Fix: Configure RPATH and bundle ttnn binaries via CMake during wheel build.

BUILD_RPATH: $ORIGIN:${PYTORCH_LIB_DIR}:${TT_METAL_LIB_DIR}
INSTALL_RPATH: $ORIGIN:$ORIGIN/../torch/lib
TT-Metal libraries (libtt_metal.so, libtt_stl.so, libdevice.so, libtracy.so, _ttnncpp.so) are bundled into the wheel during CMake installation
Bundled libraries are placed in torch_ttnn_cpp_extension/ directory alongside the extension module
RPATH set to $ORIGIN allows extension to find bundled libraries in the same directory

Result: No LD_LIBRARY_PATH needed. Bundling simplifies PyPI wheel creation by including required binaries directly in the wheel.

2. Dependency Management

Problem: pip install -e .[dev] replaced locally built ttnn with old PyPI version, causing API mismatches.

Fix: Moved ttnn to optional [pypi] extra (Python packaging standard).
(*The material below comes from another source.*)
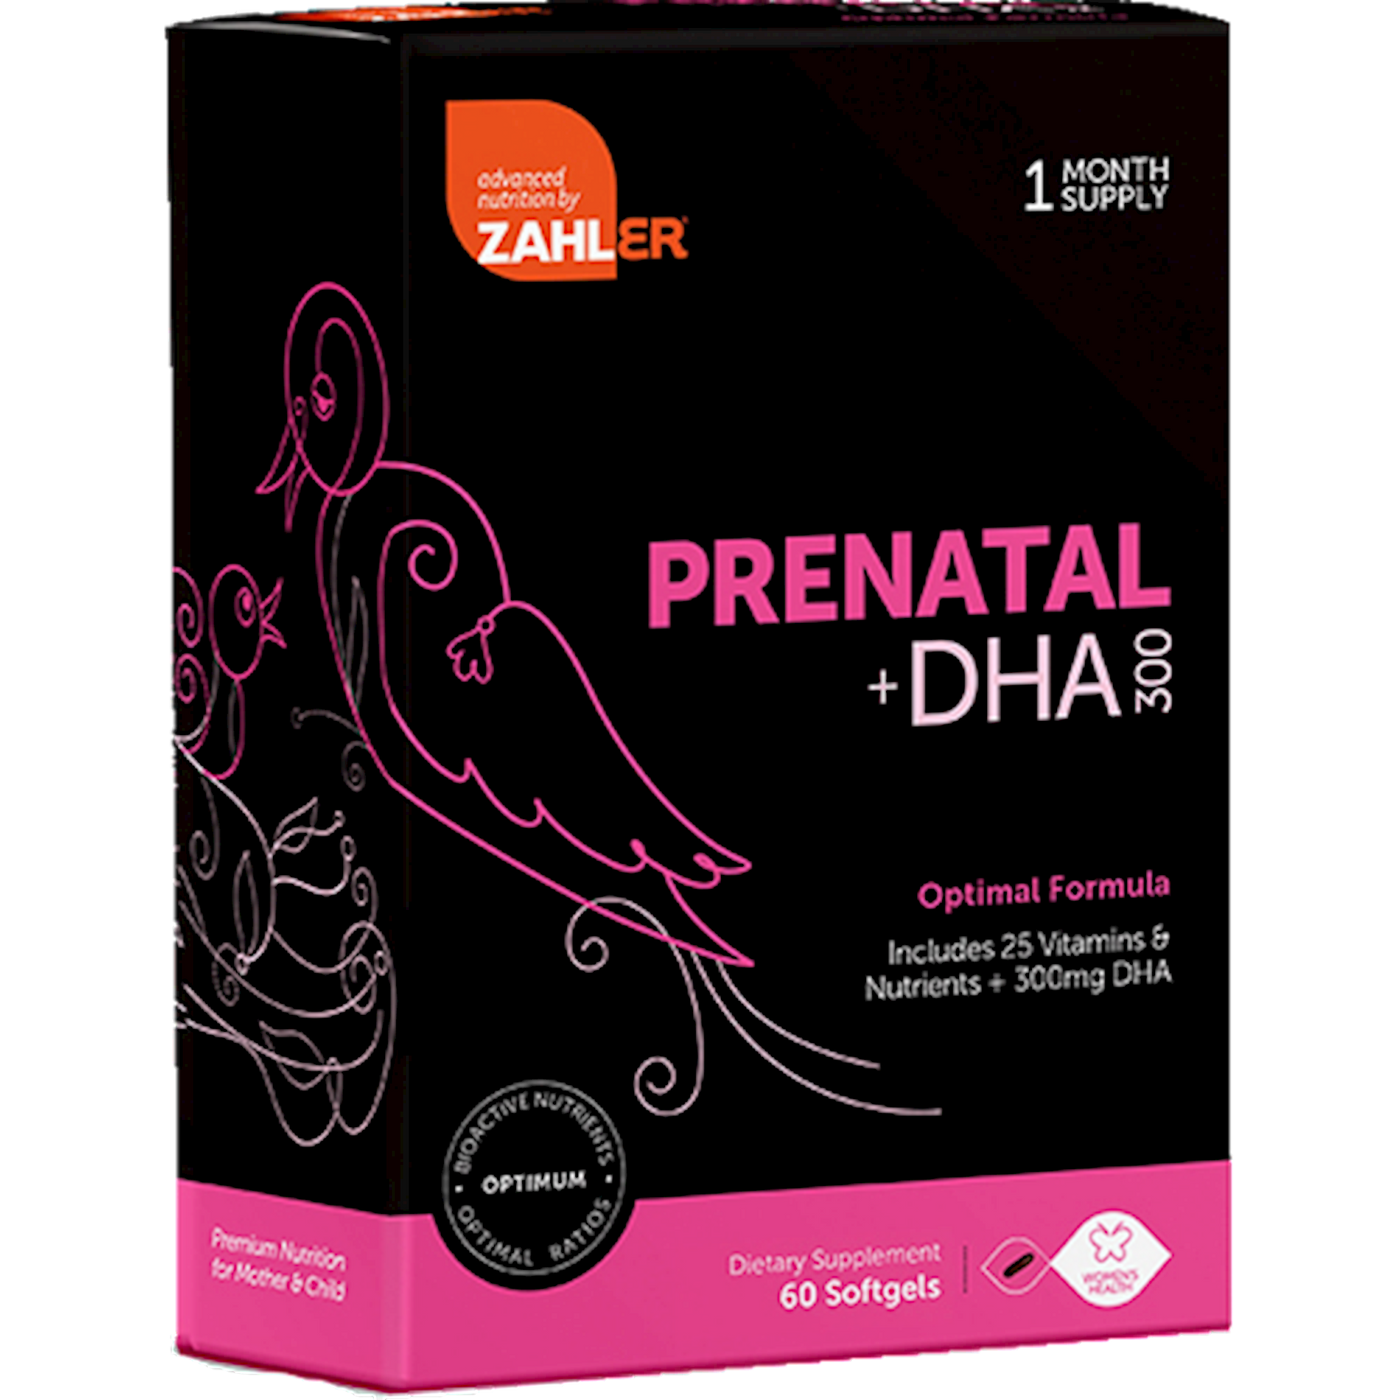 Prenatal +DHA Optimal  Curated Wellness

# dependencies list no longer includes ttnn

[project.optional-dependencies]
pypi = ["ttnn @ <direct-url-to-wheel>"]  # Auto-updated by CI

Usage:

Dev: pip install -e .[dev] (uses local ttnn)
PyPI: pip install torch-ttnn[pypi] (downloads ttnn)
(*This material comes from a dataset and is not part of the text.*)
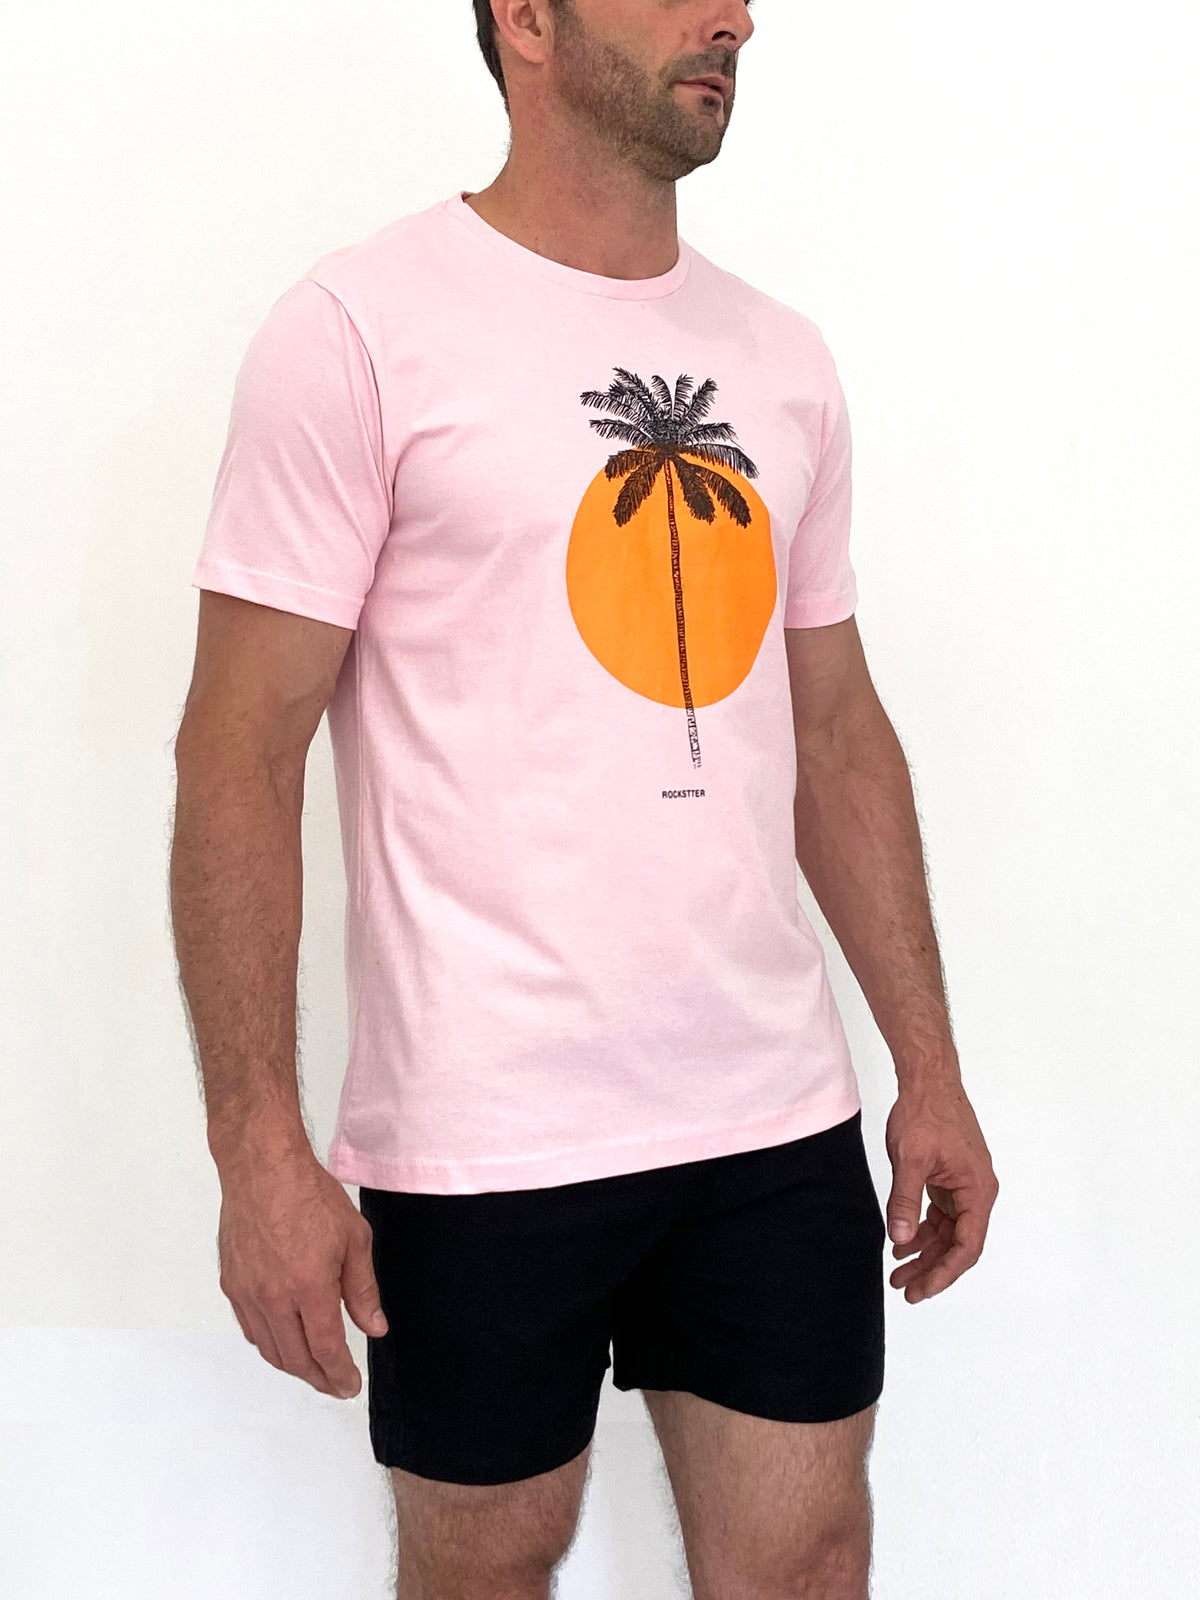 Camiseta Estampada Solar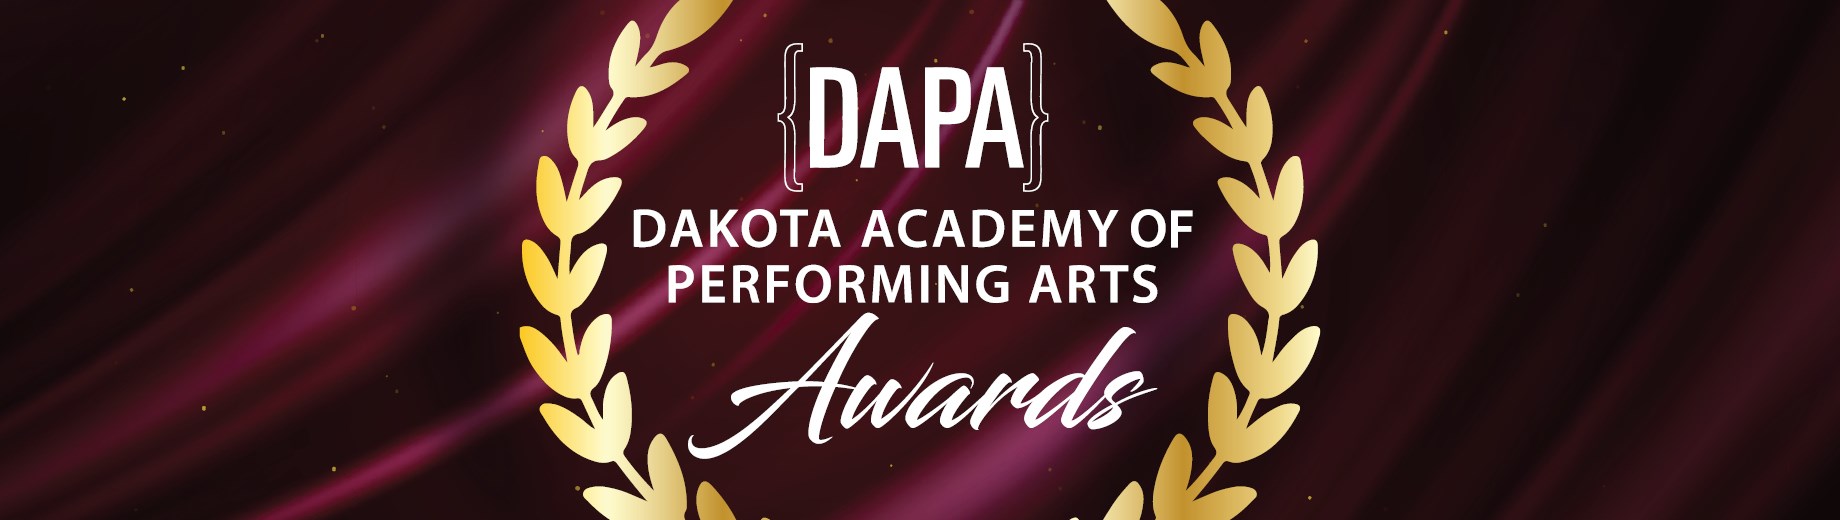 DAPA Awards

3. CI Wheel Testing (PyPI User Simulation)

CI now validates wheel creation and tests installed wheels to ensure PyPI compatibility.

Process:

Run tests against development build (using submodule tt-metal)
Build wheel from source
Uninstall development packages (torch-ttnn and ttnn) to simulate clean PyPI environment
Install wheel with [pypi] extra (downloads ttnn from PyPI)
Run full test suite against PyPI-emulated package installation

Implementation:

build-test-release-wheel.yaml: Builds wheel, uninstalls dev installation, installs wheel with [pypi] extra, verifies installation
run-cpp-native-tests.yaml: Runs tests against development build, then builds wheel, uninstalls dev packages, and runs tests against PyPI-emulated installation
before_merge.yaml: Added build-wheel-check job that verifies wheel builds successfully before merge
Test jobs: test-wheel-smoke, test-wheel-lowering, test-wheel-model run comprehensive tests against installed wheels

This ensures wheels work correctly for PyPI users before release.

4. Consistent Compiler

Problem: scikit-build-core used GCC 11 instead of Clang-17.

Fix: Forced Clang-17 in pyproject.toml, removed hardcoded ABI flags (now auto-detected).

5. Source Code Updates

Code changes required due to tt-metal API changes and PyTorch 2.7.1 bump:

device.cpp: Updated header for tt-metal v0.64 compatibility
extension_utils.hpp: Added __FILE_NAME__ fallback for GCC 11 compatibility
ttnn_device_mode.py: Registered module as torch.ttnn (fixes import torch.ttnn due to PyTorch 2.7.1 change)
conftest.py: Updated to mesh_device API (tt-metal API change)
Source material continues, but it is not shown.